BEGIN SUPPLIED ENTRIES

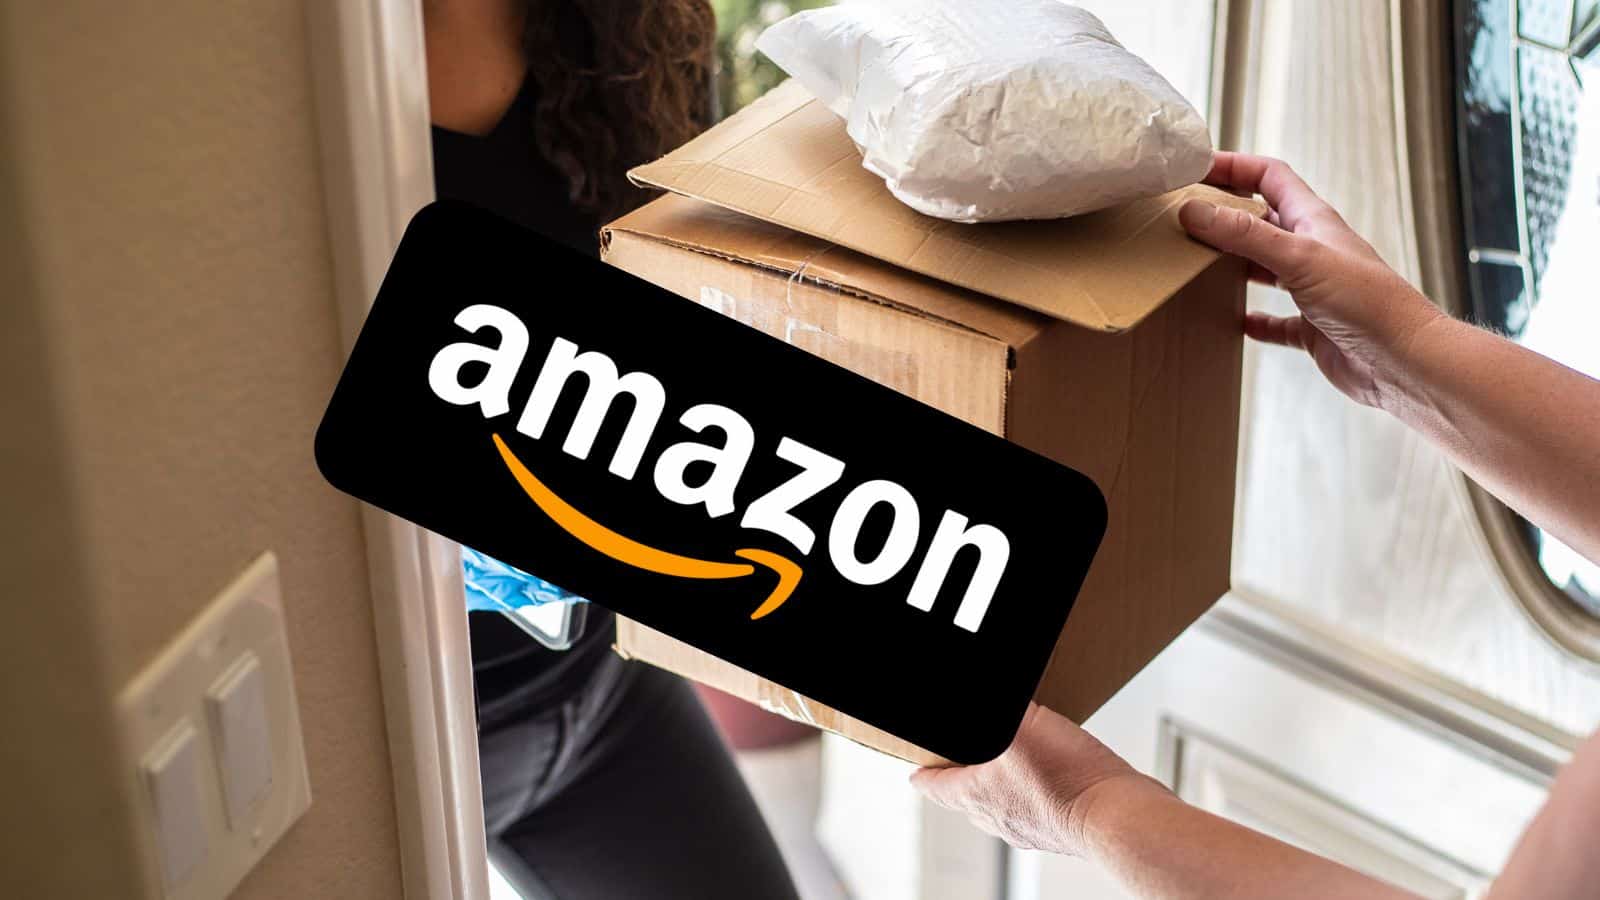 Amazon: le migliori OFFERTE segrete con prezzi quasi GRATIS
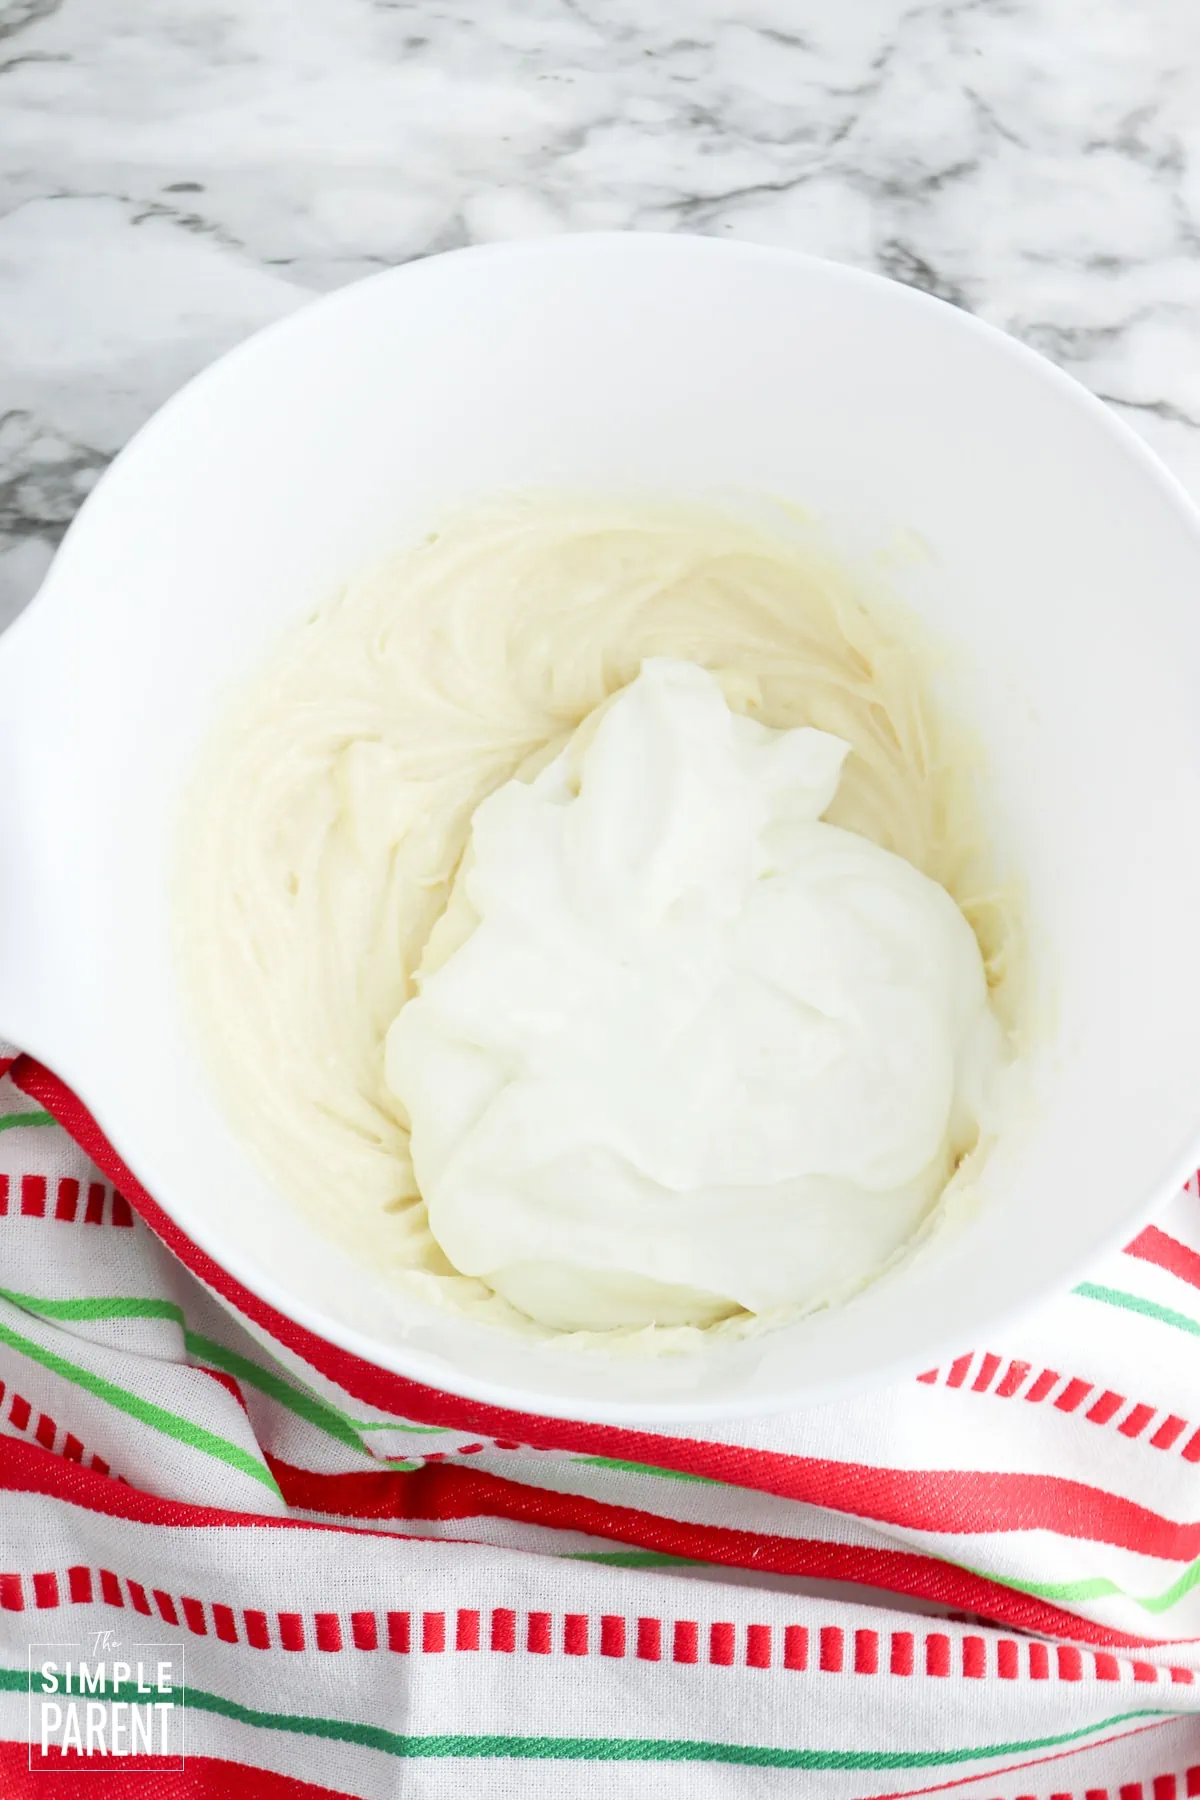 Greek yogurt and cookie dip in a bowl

END SUPPLIED ENTRIES
BEGIN SUPPLIED ENTRIES

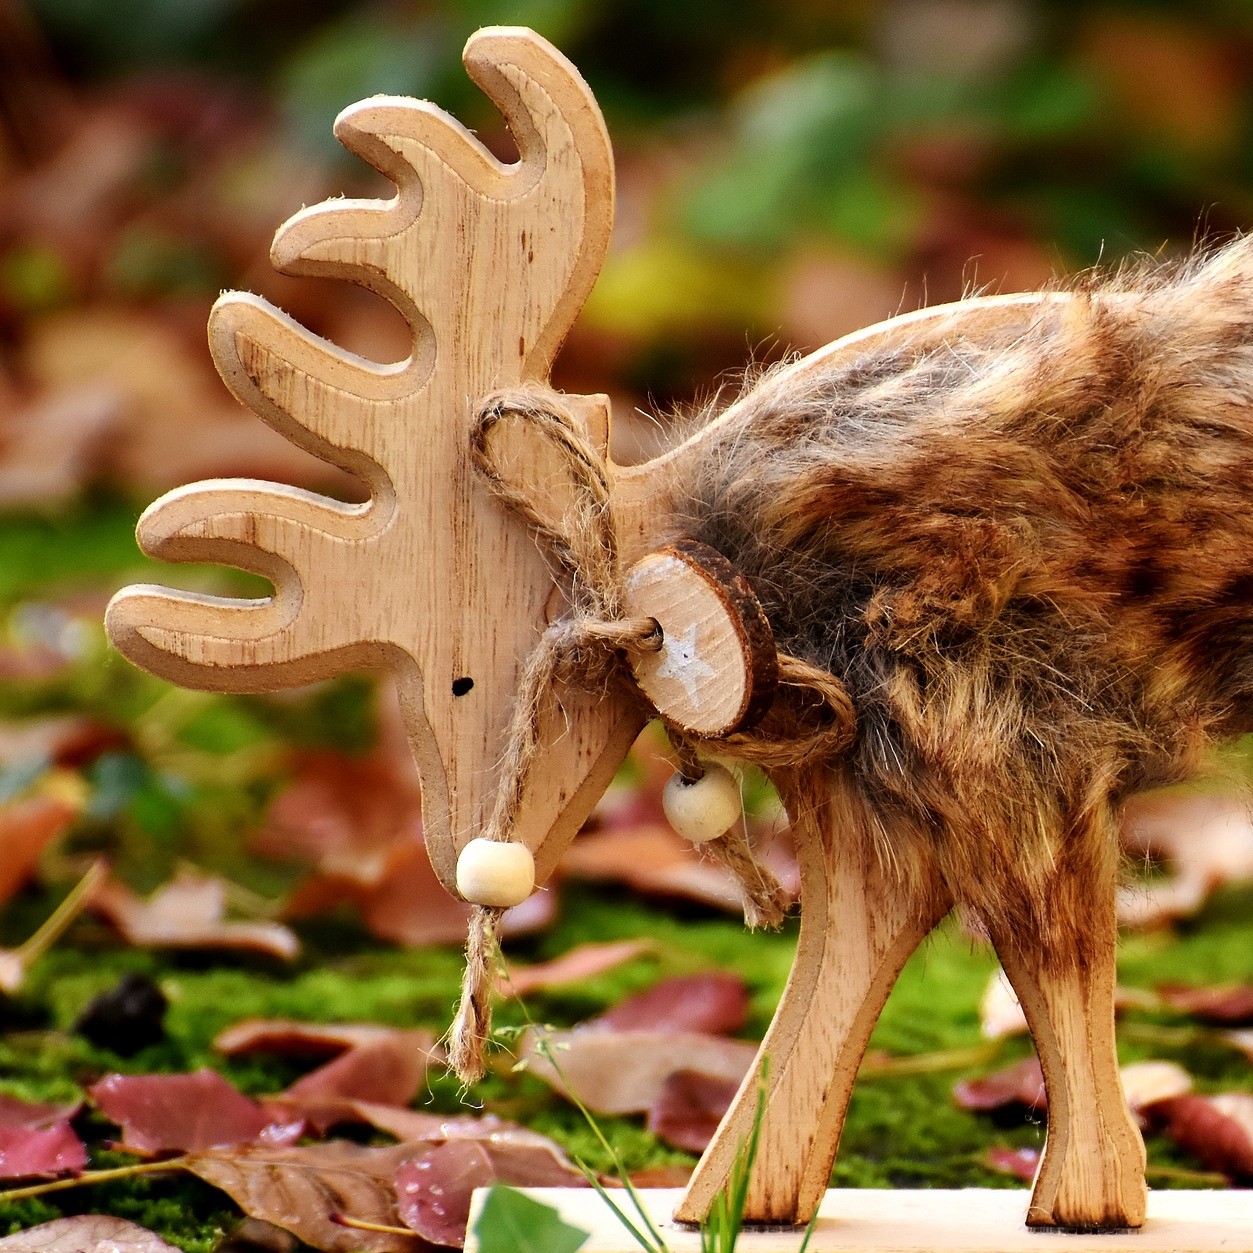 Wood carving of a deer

END SUPPLIED ENTRIES

> **TASK DESCRIPTION**
Restate word for word every line from the one with "Amazon: le migliori" up to and including the one with "Greek yogurt and cookie dip in a bowl" in the records above, minus the pictures.

> **RESULT OF THE TASK**
 Amazon: le migliori OFFERTE segrete con prezzi quasi GRATIS
 Greek yogurt and cookie dip in a bowl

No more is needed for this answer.